4. A leitura inclusiva e a formação do leitor.
Os alunos brasiguaios gostam de ler e o fazem de maneira precária
como se pode perceber nos questionários que relataram a preferência
desses alunos por assistir televisão ou brincar – quando estudantes no
Brasil – mas que preferiam à televisão os livros – quando estudantes no
Paraguai. Tal discrepância evidente no simples relato de leituras dos
alunos brasiguaios aponta a falta de um projeto adequado de leitura
literária nas escolas. Projeto esse que insira tais alunos socialmente
perante seus colegas auxiliando-os naquilo que eles têm de maior
dificuldade e aproveitando as lições que esses alunos de vivências tão
diferenciadas possuem e que poderiam ser compartilhadas com o restante
de seus colegas tornando o ensino realmente um fator de inclusão social
e não um elemento a mais de segregação de sujeitos por suas etnias e
fronteiras geográficas.
Quanto aos pais, verifica-se nos questionários que o incentivo à
leitura – mesmo em casos de baixa escolaridade – é constante, mas com a
cultura familiar voltada à atividade de expectação televisiva fica
prejudicada como elemento de incentivo, demonstrando a necessidade de
um projeto maior que envolva os pais nessa empreitada pela leitura.
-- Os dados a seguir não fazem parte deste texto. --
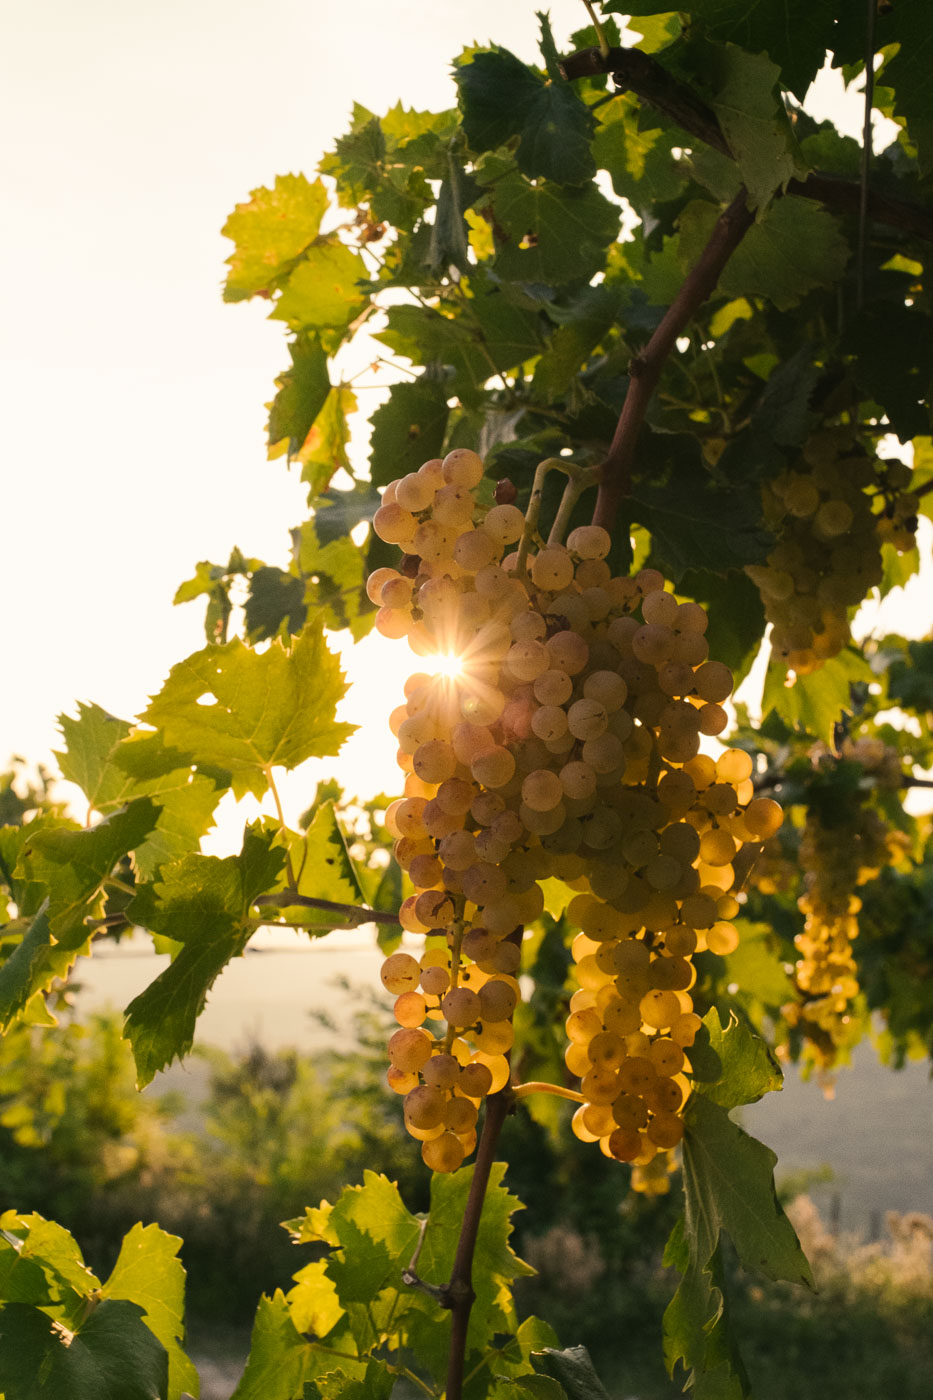 vendemmia-naturale-vino-uva-gambellara-garganega-maule-sauro-fotografo-rui-_RUI2734_p_Lr_web

No que se refere ainda ao professores ficou evidente a
desmotivação pessoal na realização de tais projetos pelo fato de os
educadores sentirem-se sozinhos nessa empreitada difícil e penosa, mas
que pode ter frutos empolgantes e realizadores.
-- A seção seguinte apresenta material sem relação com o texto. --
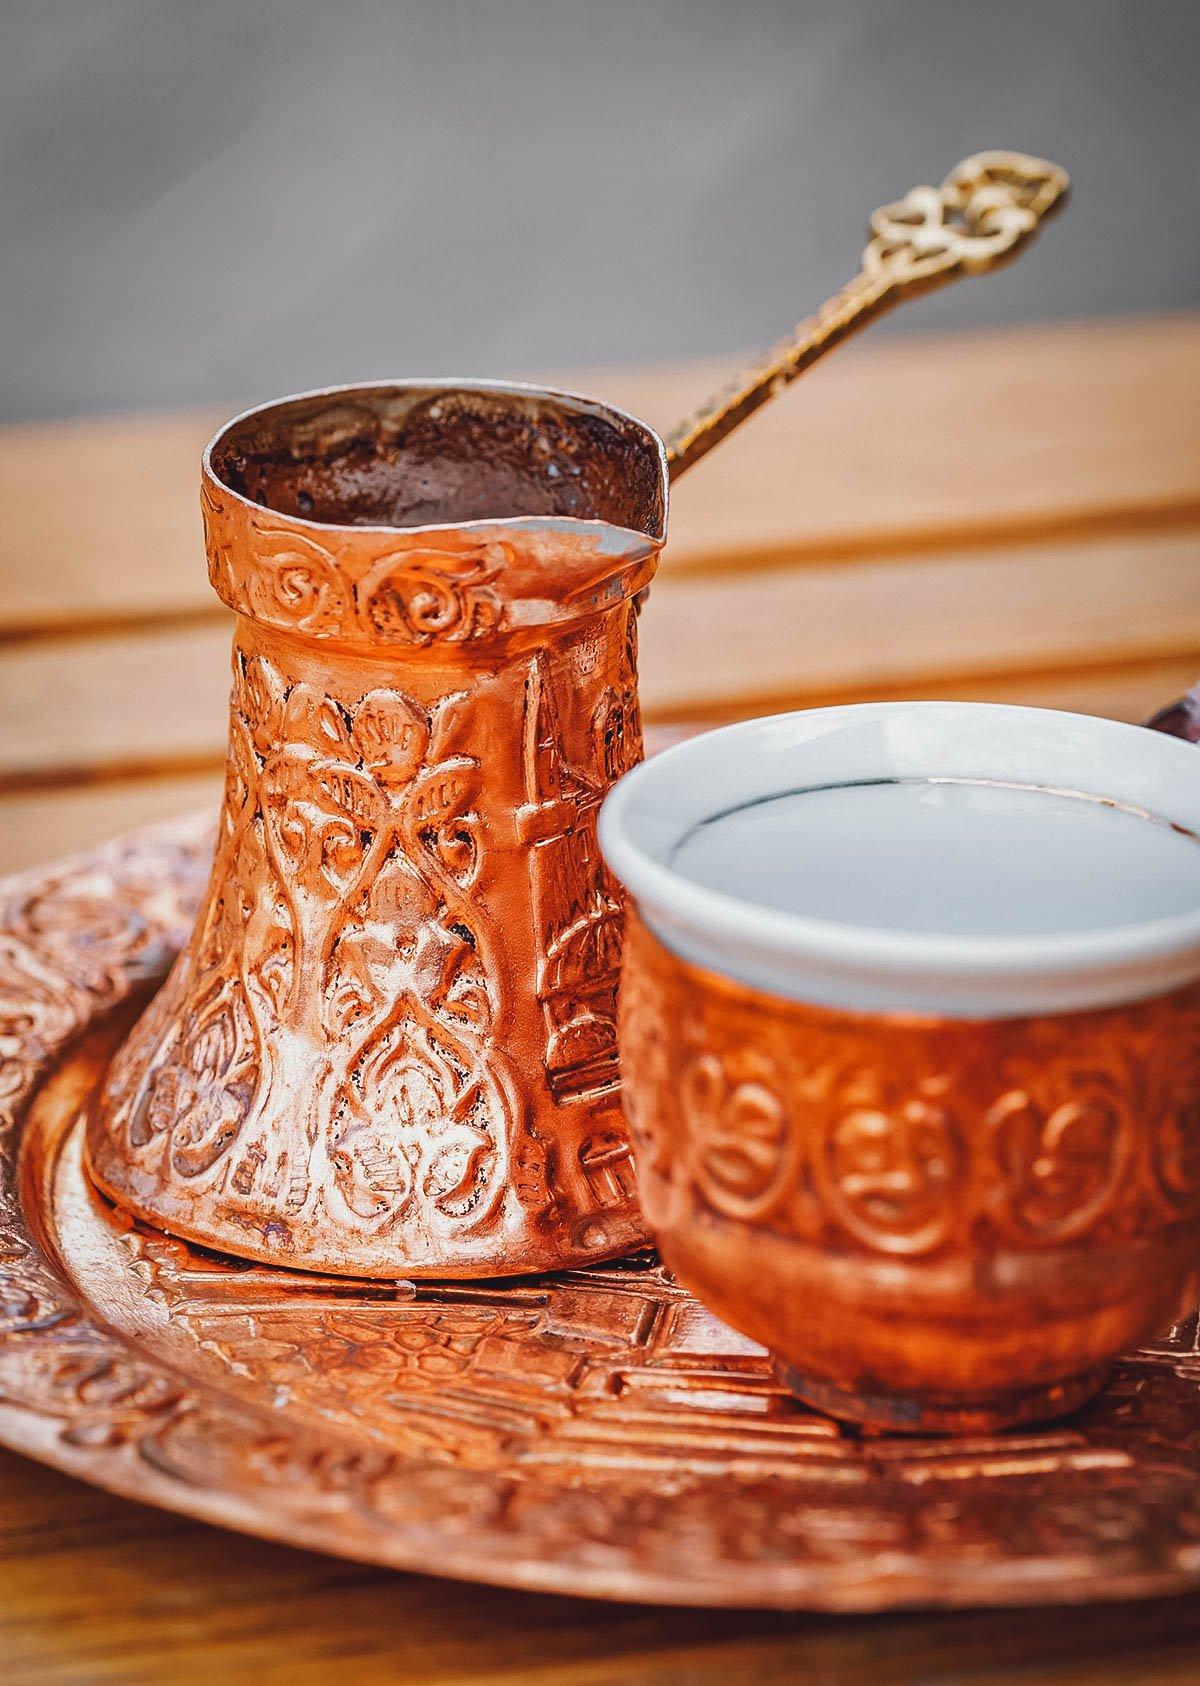 Bosanska kafa in decorative copper containers

Não se deve esquecer que o cidadão pleno se faz através da leitura
e tal atividade não deve ser encarada pelas instituições da sociedade
como uma atividade a mais para completar um currículo, mas sim como,
talvez, a atividade mais importante na formação de um cidadão pleno
como se pode frisar através das palavras de Lajolo:
“O cidadão, para exercer plenamente sua cidadania , precisa
apossar-se da l inguagem l i terár ia , a l fabet izar-se nela , tornar-
se seu usuário competente , mesmo que nunca vá escrever um
l ivro: mas porque precisa ler muitos .” (LAJOLO, 1994, p .
106)
O aluno brasiguaio também necessita ser observado com os mesmos
olhos inclusores para exercer plenamente sua cidadania, apossando-se da
linguagem literária e perfazendo esse caminho maravilhoso da leitura
literária não como um atrasado no processo de formação como leitor, mas
como um sujeito que vem para acrescentar com suas vivências e se
desenvolver plenamente e o fará lendo muitos livros.